Prior to their discoveries, “our understanding of how the nervous system senses and interprets our environment still contained a fundamental unsolved question: how are temperature and mechanical stimuli converted into electrical impulses in the nervous system.”

Grocery store research

Julius, 65, was recognised for his research using capsaicin — a compound from chili peppers that induces a burning sensation — to identify which nerve sensors in the skin respond to heat.

He told Scientific American in 2019 that he got the idea to study chili peppers after a visit to the grocery store.  “I was looking at these shelves and shelves of basically chili peppers and extracts (hot sauce) and thinking, ‘This is such an important and such a fun problem to look at. I’ve really got to get serious about this’,” he said.

Patapoutian’s pioneering discovery was identifying the class of nerve sensors that respond to touch.

Julius, a professor at the University of California in San Francisco and the 12-year-younger Patapoutian, a professor at Scripps Research in California, will share the Nobel Prize cheque for 10 million Swedish kronor ($1.1 million, one million euros).

The pair were not among the frontrunners mentioned in the speculation ahead of the announcement.

Pioneers of messenger RNA (mRNA) technology, which paved the way for mRNA Covid vaccines, and immune system researchers had been widely tipped as favourites.

While the 2020 award was handed out in the midst of the pandemic, this is the first time the entire selection process has taken place under the shadow of Covid-19.

Last year, the award went to three virologists for the discovery of the Hepatitis C virus.

Media, Belarus opposition for Peace Prize?

The Nobel season continues on Tuesday with the award for physics and Wednesday with chemistry, followed by the much-anticipated prizes for literature on Thursday and peace on Friday before the economics prize winds things up on Monday, October 11.

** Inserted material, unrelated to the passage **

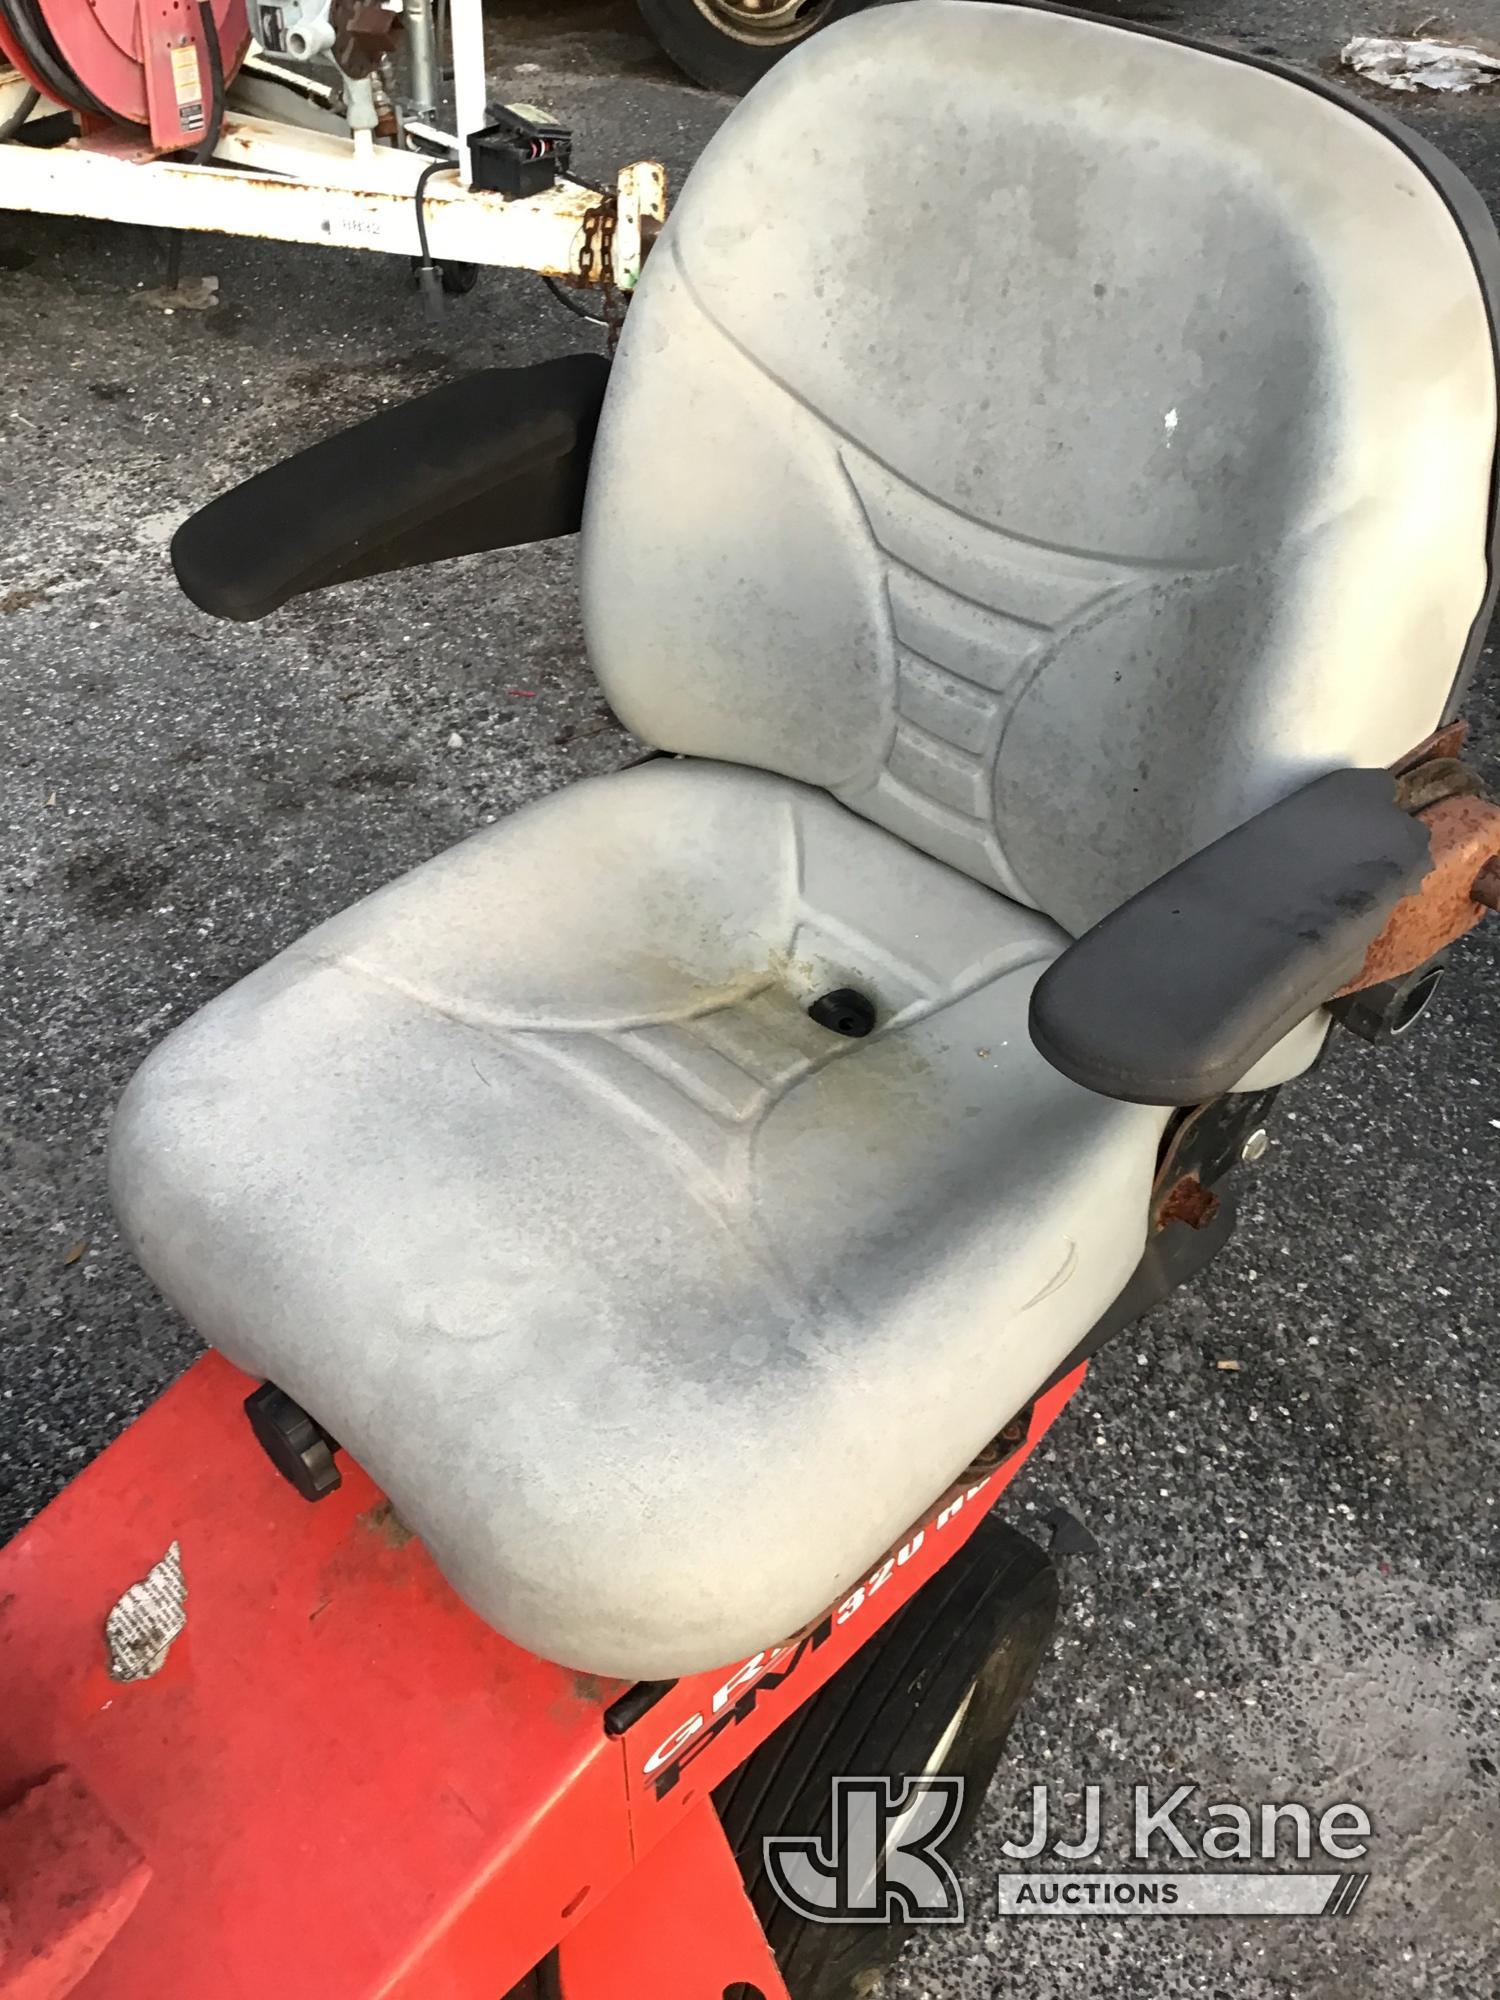 (Ocala, FL) 2013 Gravely 320 HD Riding Lawn Mower, Municipal Owned Not Running, Turns Over Will Not

For the Peace Prize on Friday, media watchdogs such as Reporters Without Borders and the Committee to Protect Journalists have been mentioned as possible winners, as has the Belarusian opposition spearheaded by Svetlana Tikhanovskaya. Also mentioned are climate campaigners such as Sweden’s Greta Thunberg and her Fridays for Future movement.

Meanwhile, for the Literature Prize on Thursday, Stockholm’s literary circles have been buzzing with the names of dozens of usual suspects.

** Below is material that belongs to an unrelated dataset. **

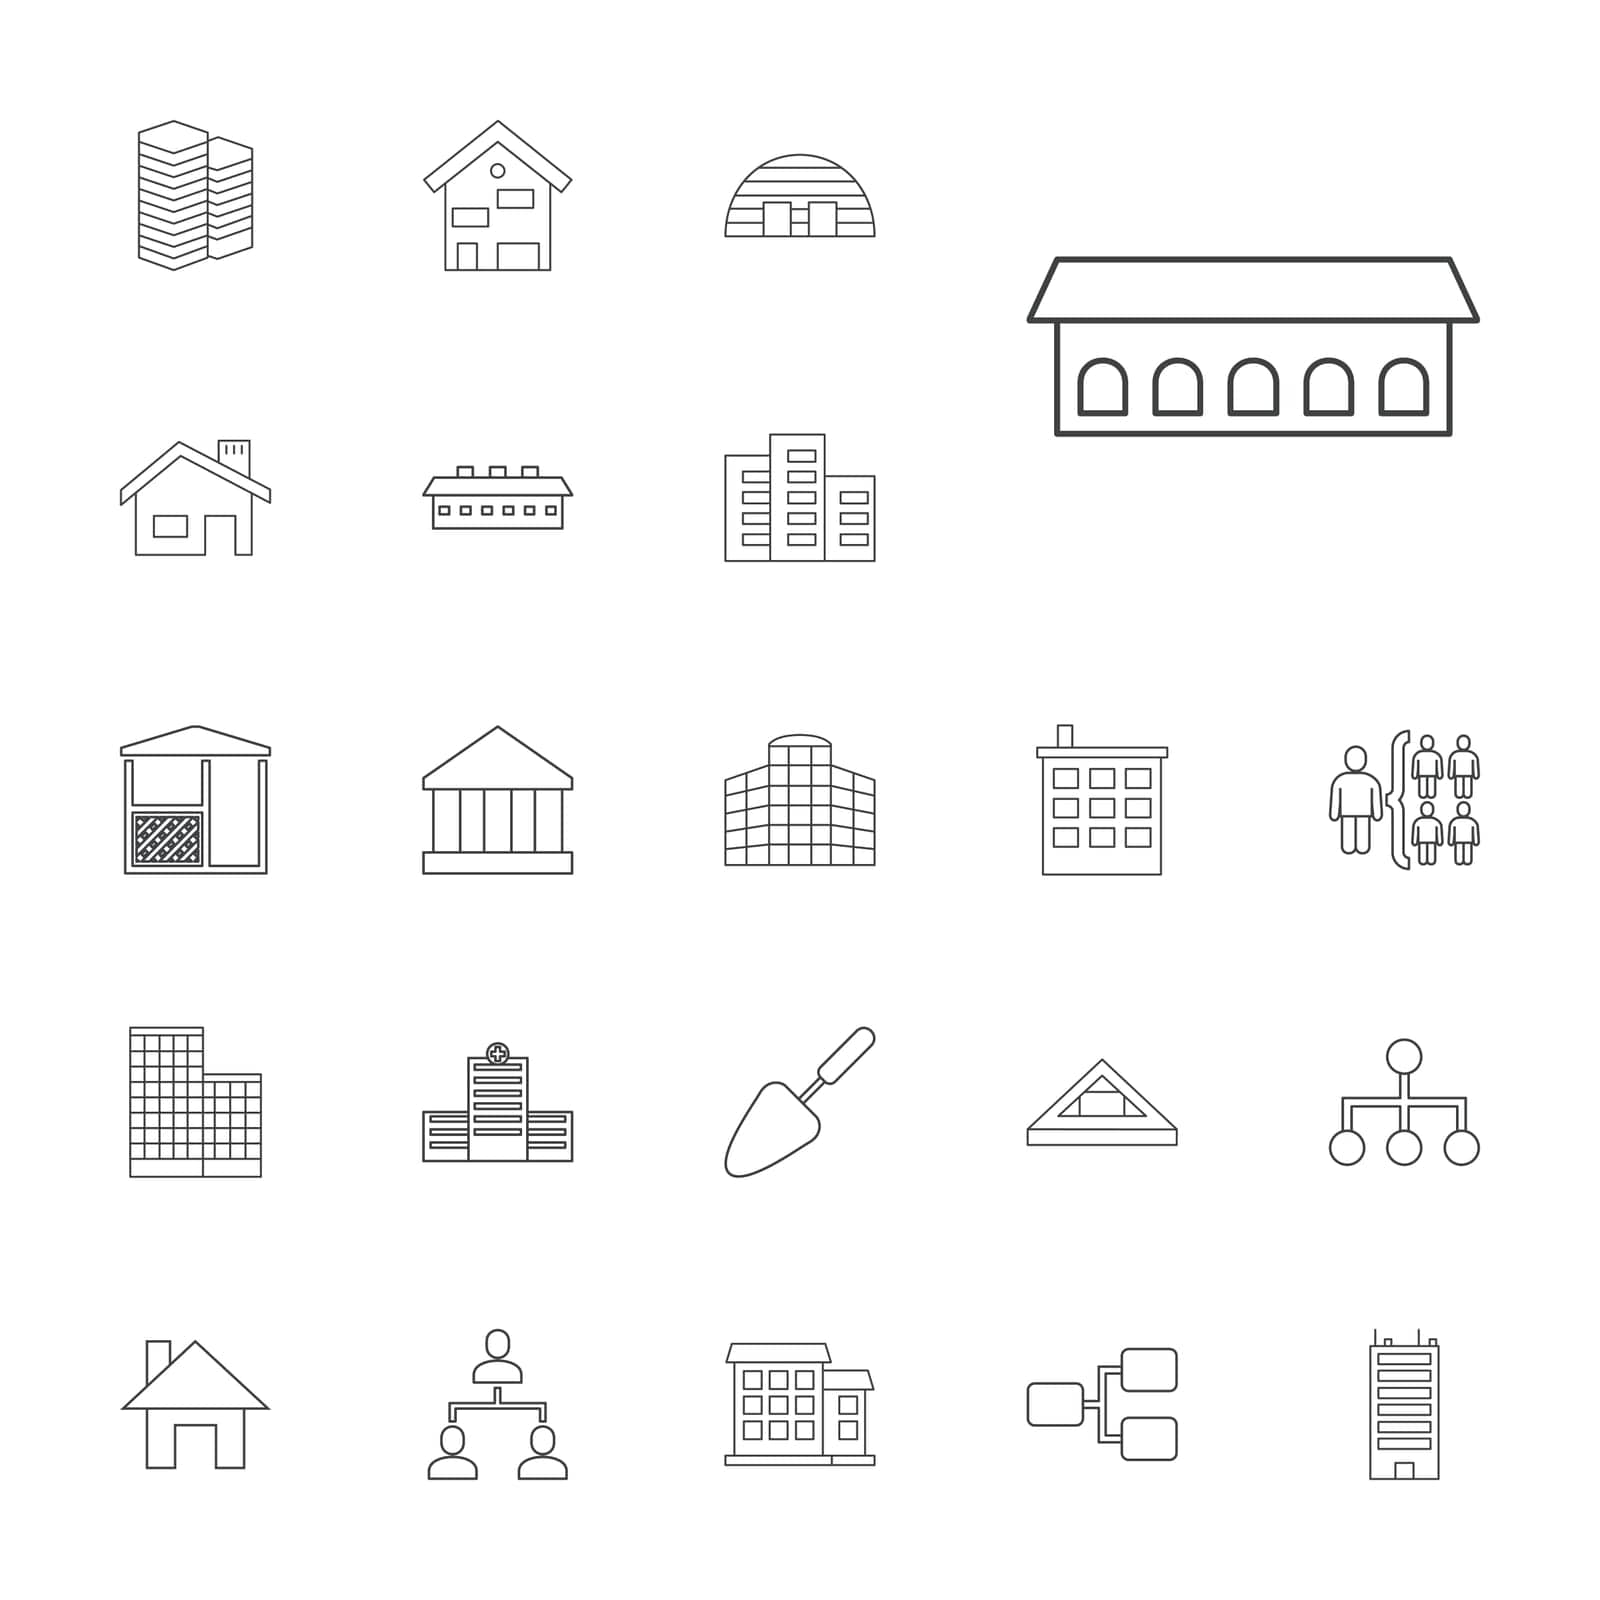 symbol,gazebo,city,concept,icon,sign,isolated,louvre,office,distribution,house,building,retail,bank,government,barn,design,hotel,construction,vector,hospital,tower,element,architecture,trowel,set,business,center,estate,centre,skyscraper,structure,home,headquarters,residential,urban,background,illustration,apartment,object by ogqcorp

The Swedish Academy has only chosen laureates from Europe and North America since 2012 when China’s Mo Yan won, raising speculation that it could choose to rectify that imbalance this year. A total of 95 of 117 literature laureates have come from Europe and North America.

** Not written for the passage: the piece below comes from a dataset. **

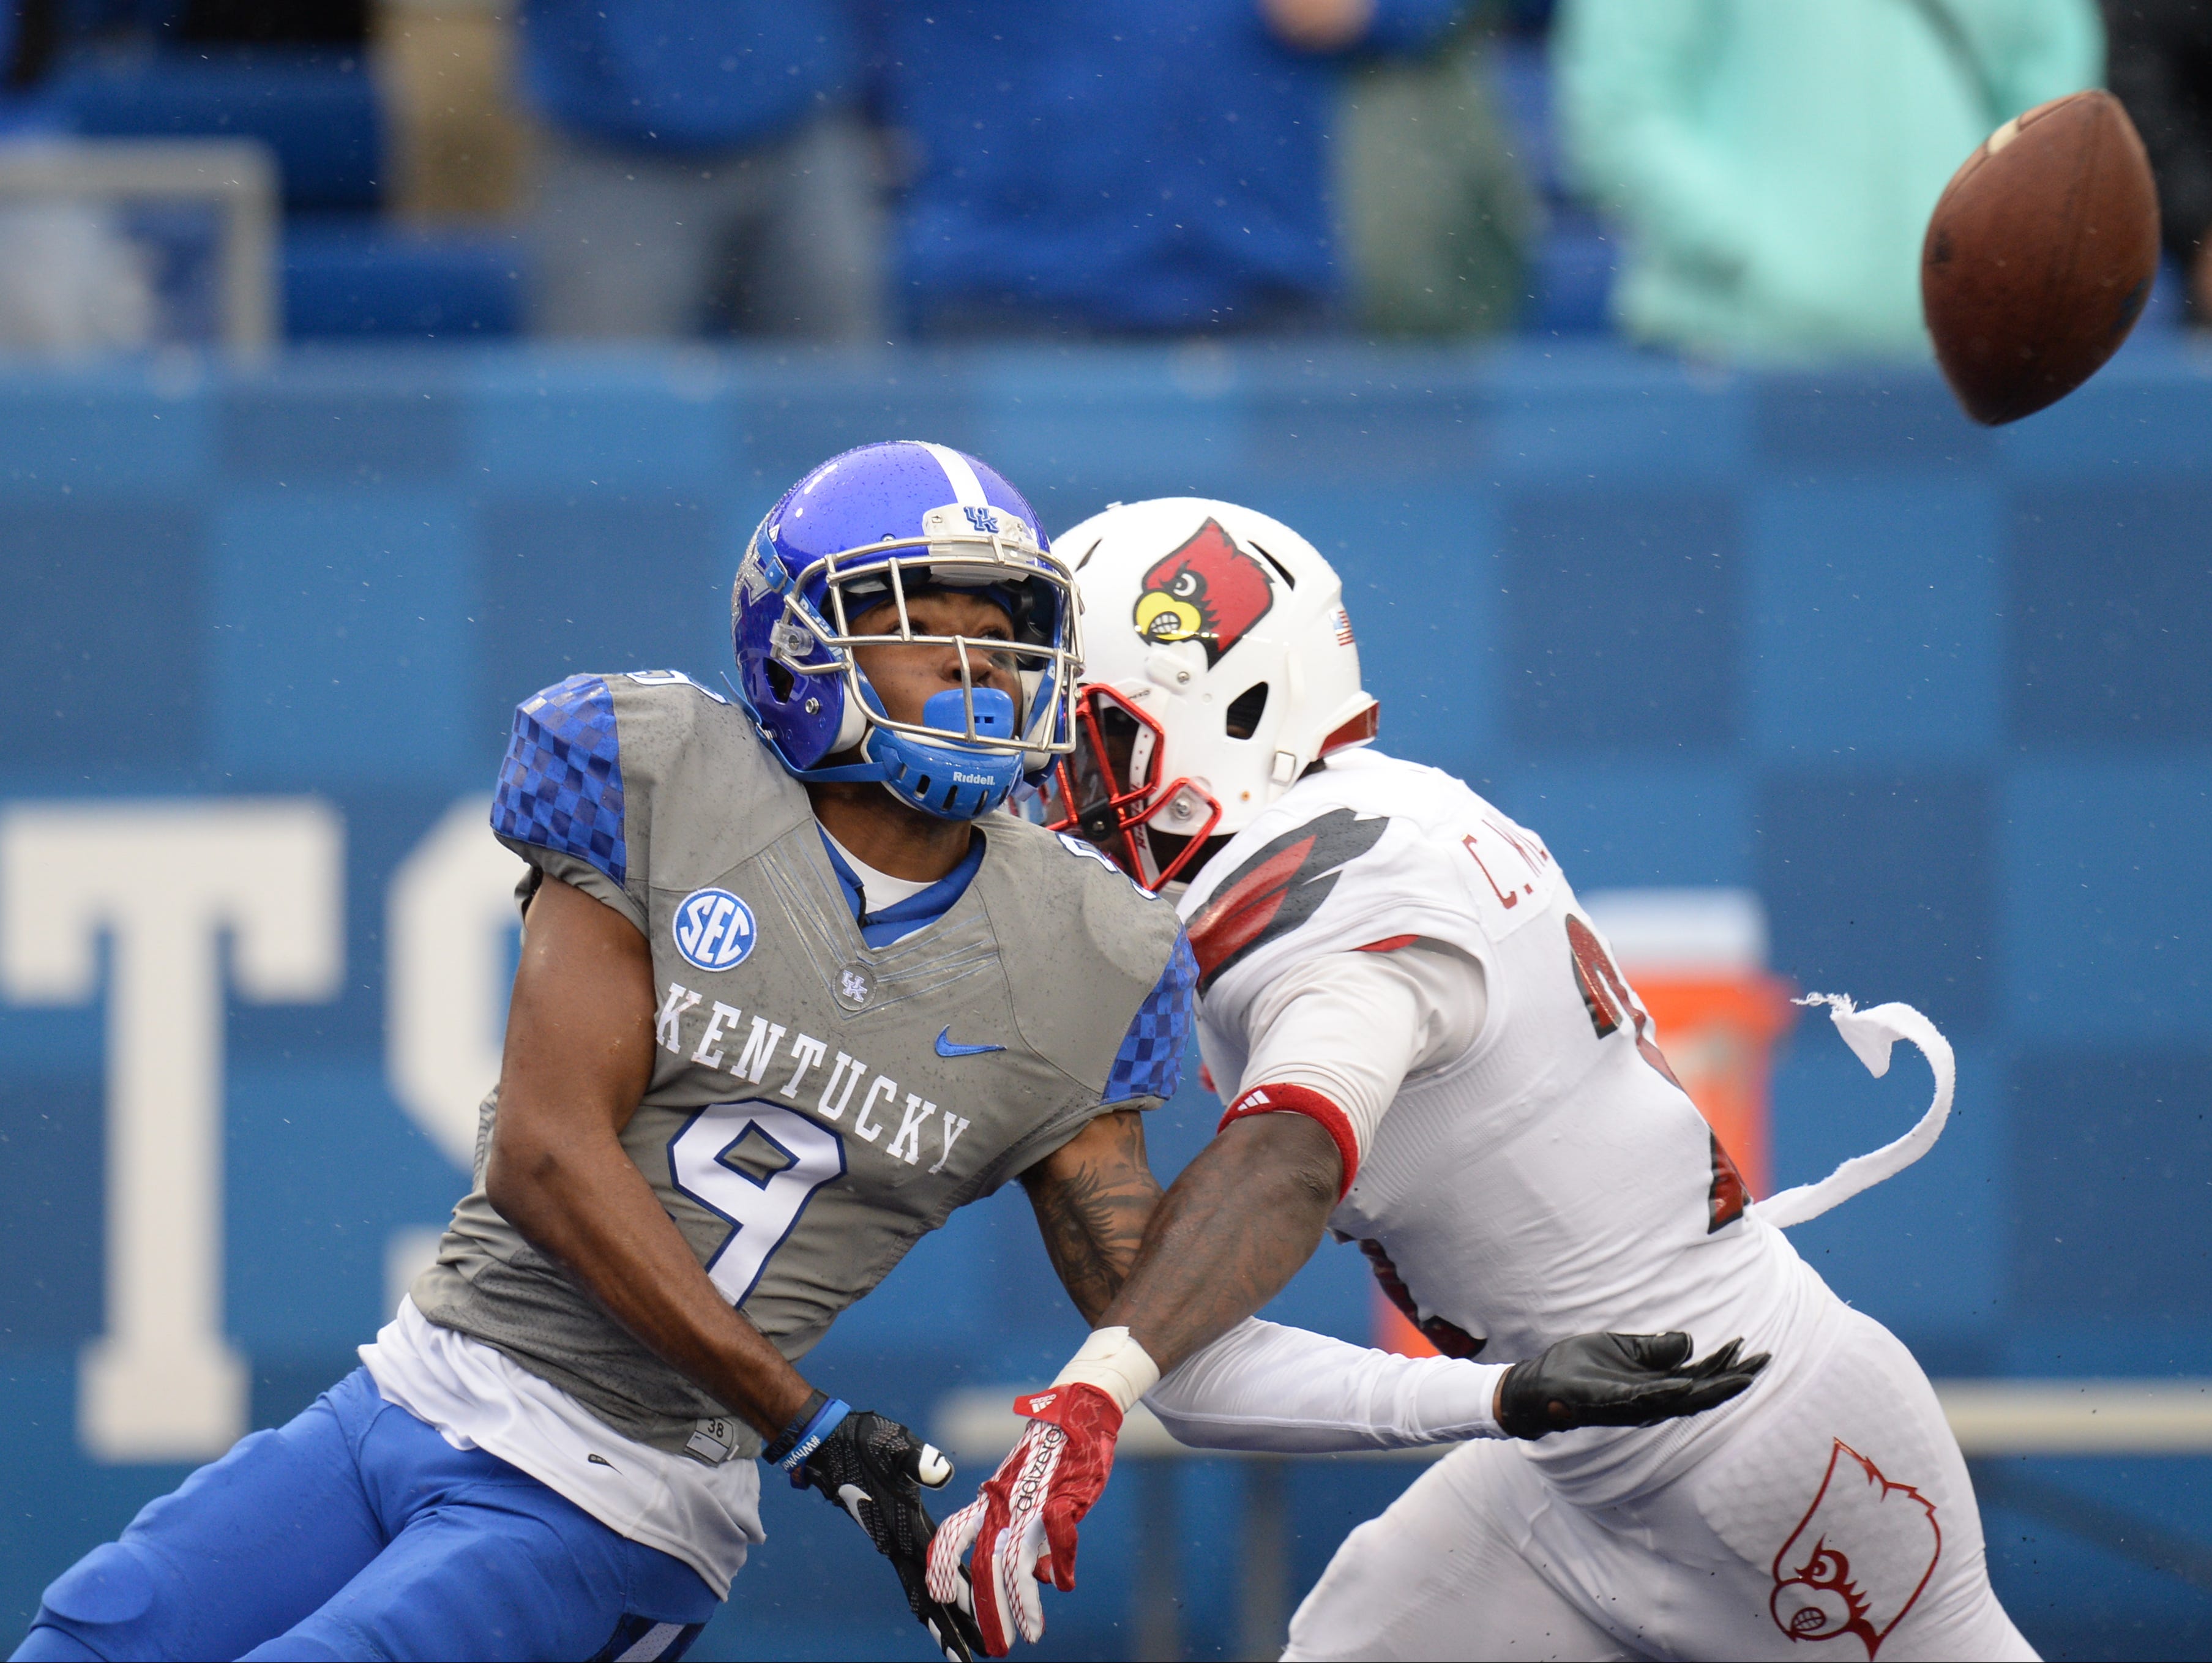 UK haunted by missed chances to bury U of L | USA TODAY Sports

While the names of the Nobel laureates are kept secret until the last minute, the Nobel Foundation has already announced that the glittering prize ceremony and banquet held in Stockholm in December for the science and literature laureates will not happen this year due to the pandemic.

Like last year, laureates will receive their awards in their home countries. A decision has yet to be made about the lavish Peace Prize ceremony held in Oslo on the same day.